As the Big Band era rolled on, amp technology continued improving as the need for more muscle in larger environments grew. In turn, cymbals began growing so that they could compete with the louder mixes, and the models we know today emerged from the nebulous size/weight system employed by the major manufacturers. Rides, crashes, and hi-hats emerged as specialized models, and the China started to take form.

World War II heavily disrupted Chinese cymbal imports during the ‘40s and ‘50s leaving companies like Zildjian and Paiste to fill the void in the market. Retaining the “trashy” character that attracted musicians to the model in a uniform, reliable package, these newer Chinas began gaining traction with jazz drummers. Adding new texture, they were primarily used in ride applications for their smoky response.

Then, in a flash, rock and roll took off and brought the China with it.

While the image of a big, boisterous China is inseparable from the likes of Neil Peart, the cymbal owes its current place in the gear world thanks to jazz/rock hybrid dynamo Billy Cobham. In the words of Geoff Nichols, author of The Drum Book: a History of the Rock Drum Kit, “I always think Cobham should be massively rewarded by the cymbal manufacturers since China-type cymbals immediately took off and have been in every drummer’s armory since.”

When used for the first real time for its sharply powerful crash, the China immediately found favor in rock and continued to become a fixture in metal, prog, and fusion. Today, it’s impossible to imagine artists like Dave Lombardo, Tommy Lee, Alex Van Halen, and countless others without a staple China in their rig.

Types of China

Traditional: The standard and most easily recognized model. Made with a conical bell and unfinished surface on the underneath.


Novo: An invention of Paiste, the Novo combines the familiar bow profile of a china with a traditional rounded bell and reversed edge. The darkest and most aggressive type, Novos are typically found in louder environments.


Pang and Swish: Originated by Zildjian, the Pang and Swish is a china with the heart of a Turkish cymbal.
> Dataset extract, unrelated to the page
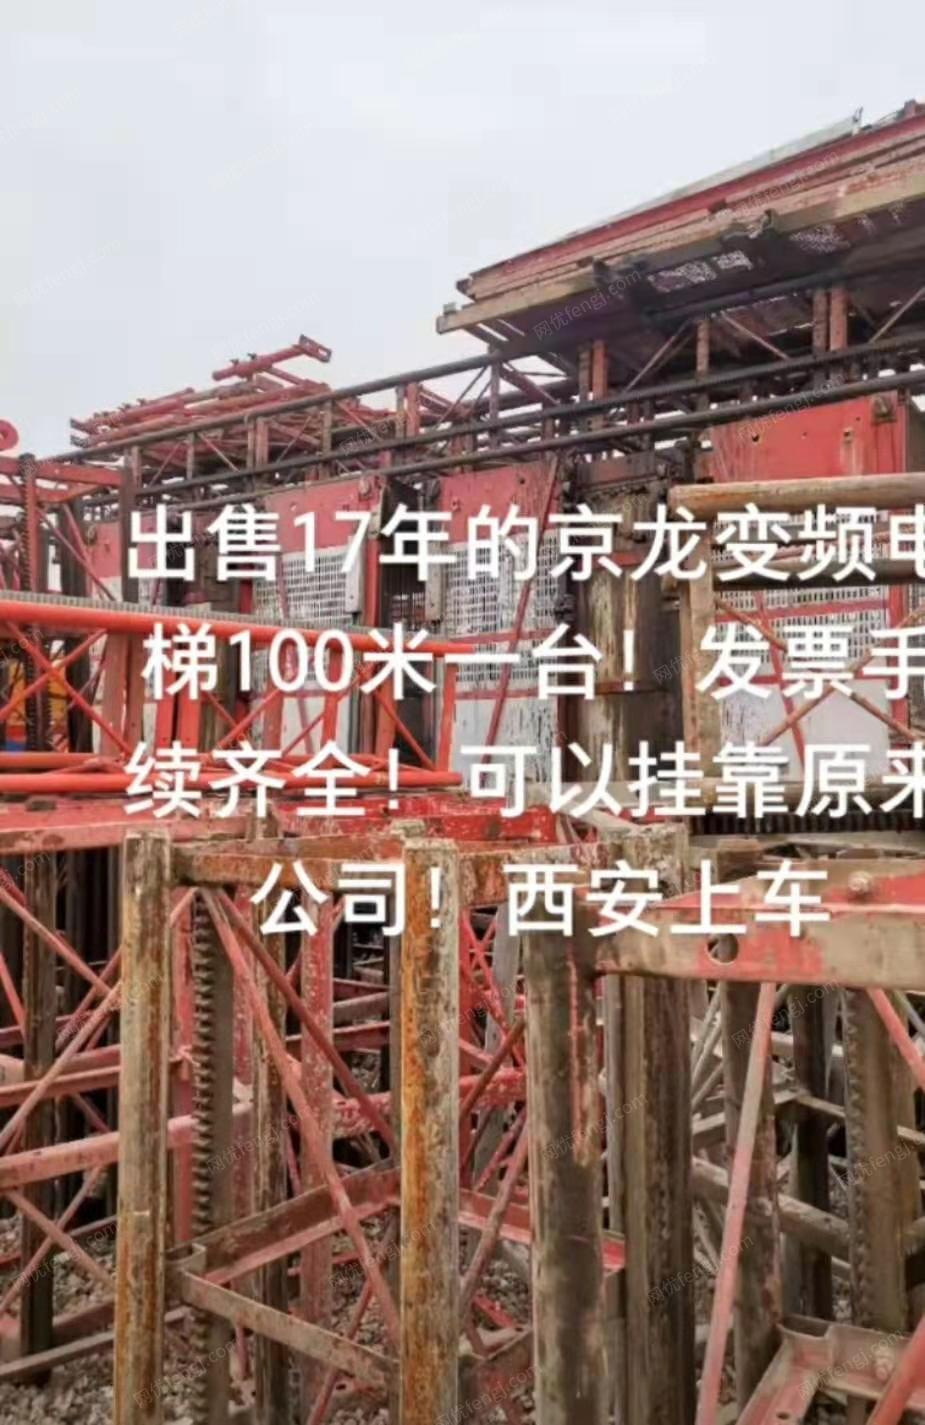 出售闲置17年的京龙变频电梯100米一台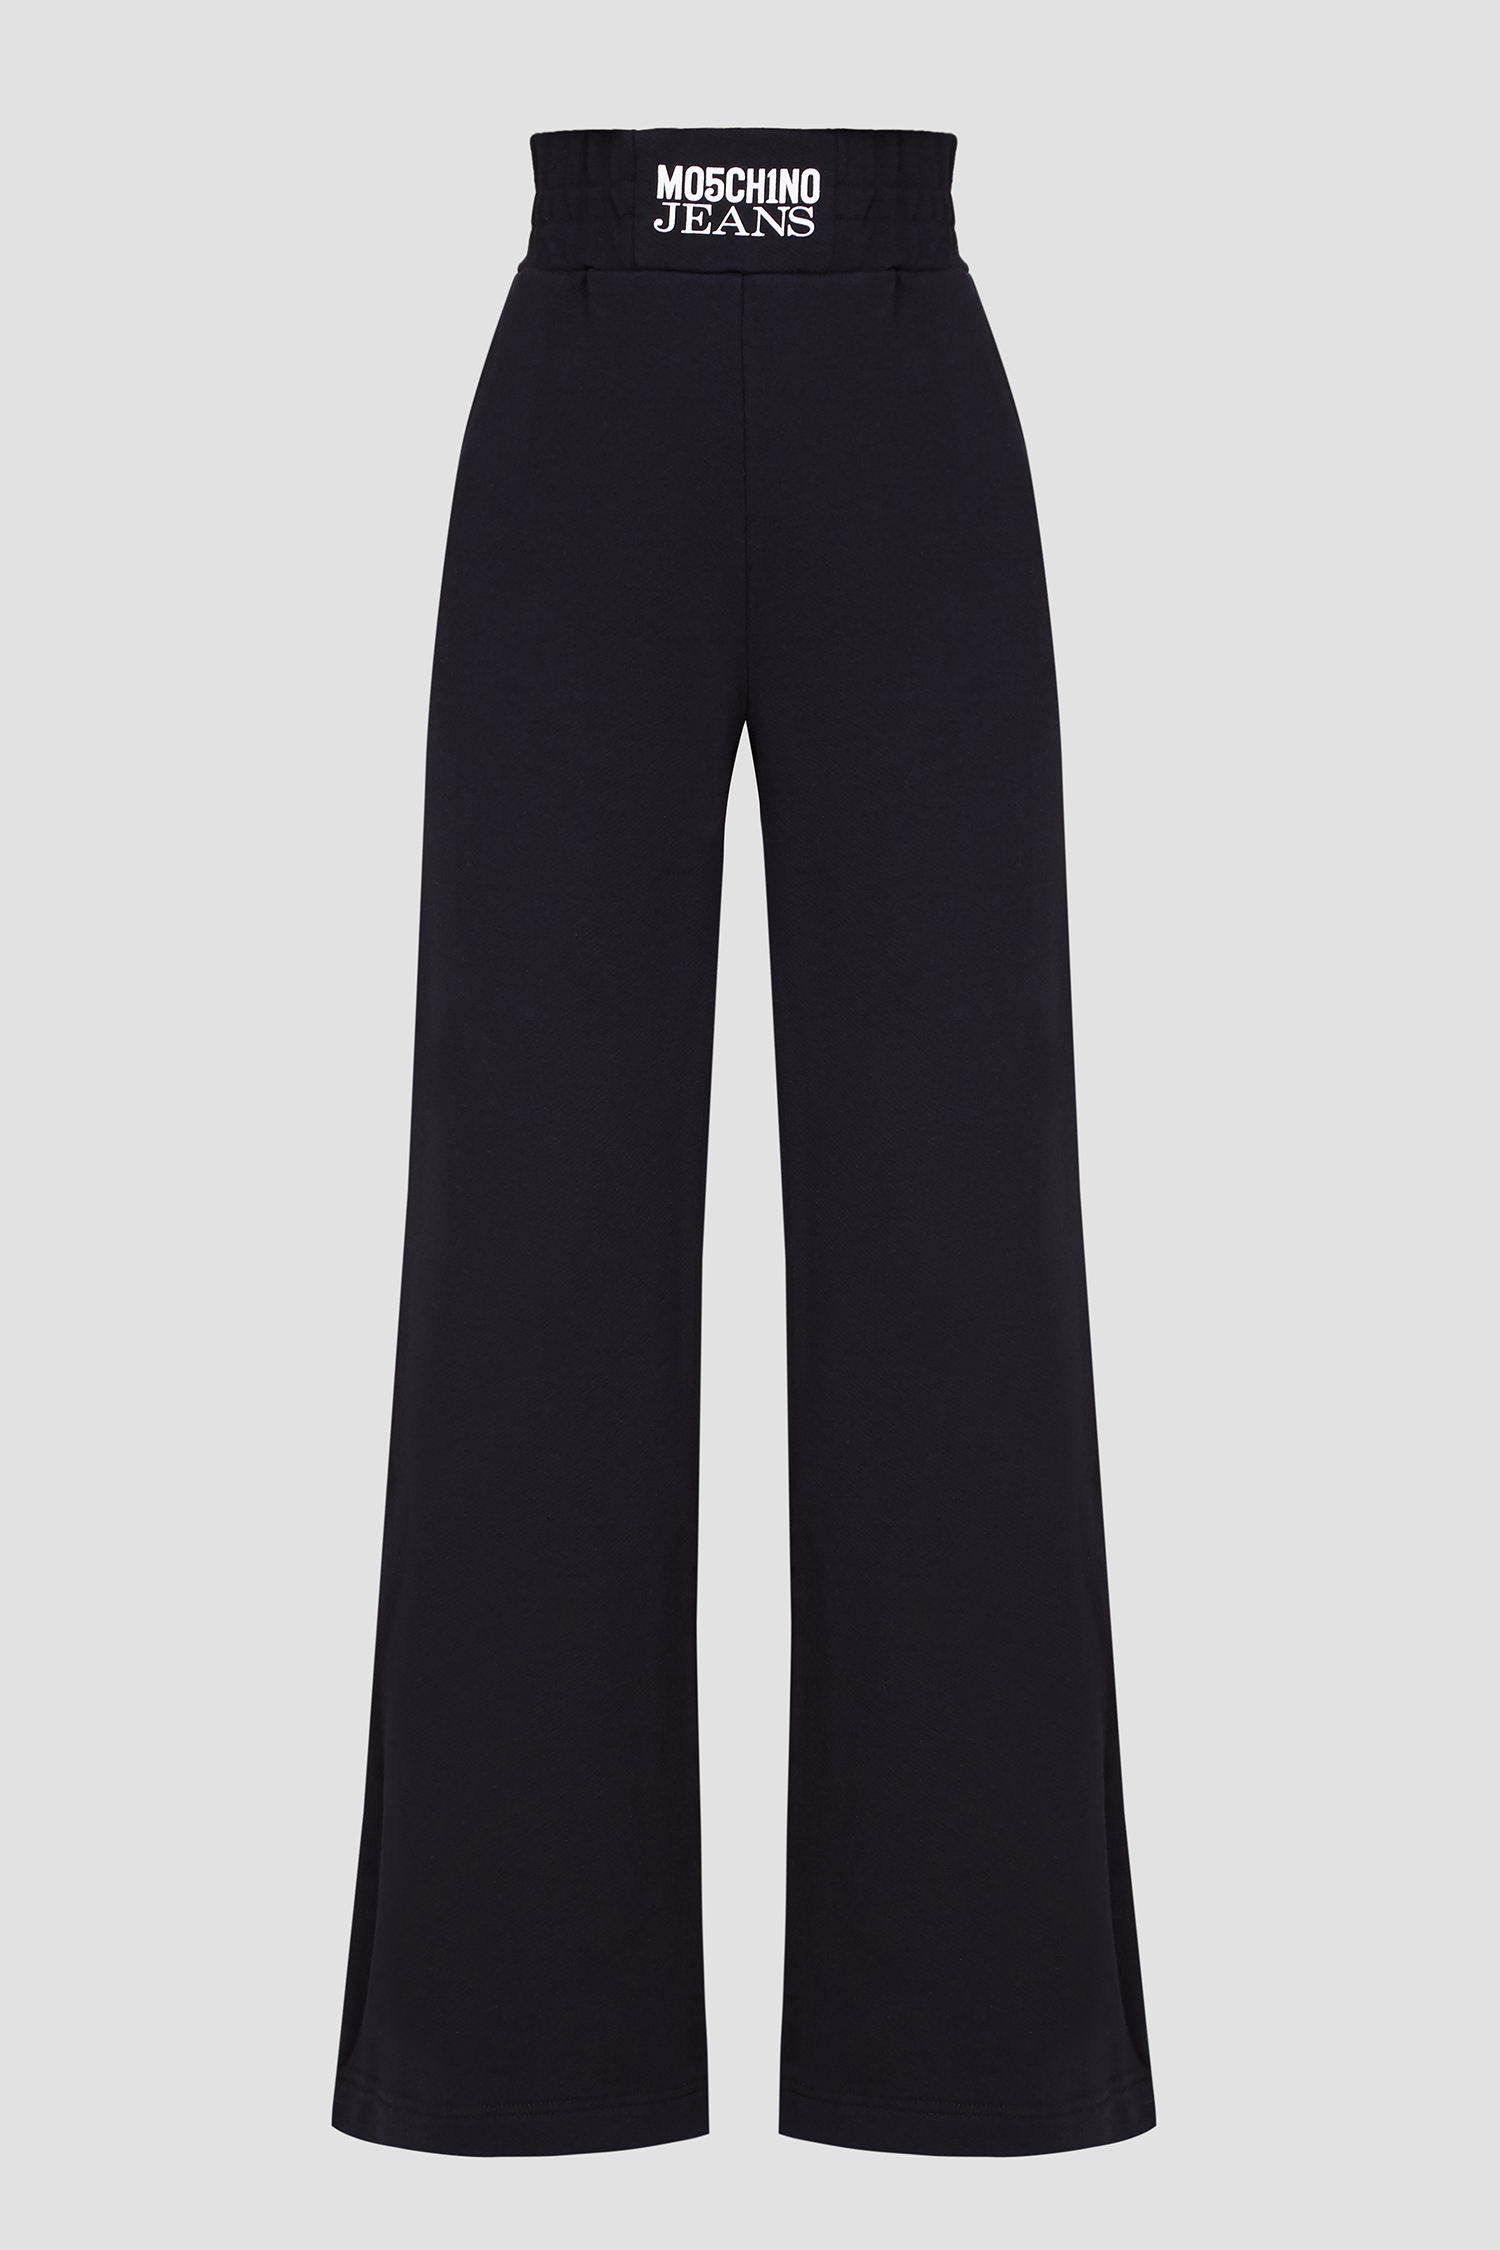 Жіночі чорні спортивні штани Moschino J0311.8756;5555

More sedate and controlled, this model typically comes with rivets or a sizzle chain for a more atmospheric effect.


China Splash: The closest descendant to the original tiny models of the early 20th century, the China splash offers a trashy, staccato accent in sizes typically up to 12”. Generally thinner than larger models, they’re also used for stacking on rides, crashes, and other Chinas.


Rocktagon: Supremely ‘80s, the Rocktagon is a Sabian exclusive that still endures with some diehard fans. Not technically a China, the Rocktagon is a round cymbal cut into an octagonal shape which produces a trashier sound associated with Chinas.


Today’s China

The China’s place as a favorite effect cymbal in the modern landscape is undisputed. Major and boutique outfits alike carry full lines ranging from tiny china splashes up to 24” and even 26” models. There are literally hundreds of models on the market, and innovation has led to some of the most interesting designs yet.

While these vanguard designs are opening new possibilities for the China, Wuhan is perhaps the truest modern rendition of the original model. Full of character, Wuhan Chinas are dirty with an endearing one-off feel, so no two models are exactly alike. Plus, like the originals of yesteryear, they’re immensely affordable and offer an easy avenue to expanding your sound.

Expressive, atmospheric, and ultimately musical, the China is way more than that extra cymbal for a metal drummer. Whatever your genre, a China brings storied history and new sonic possibilities to any kit.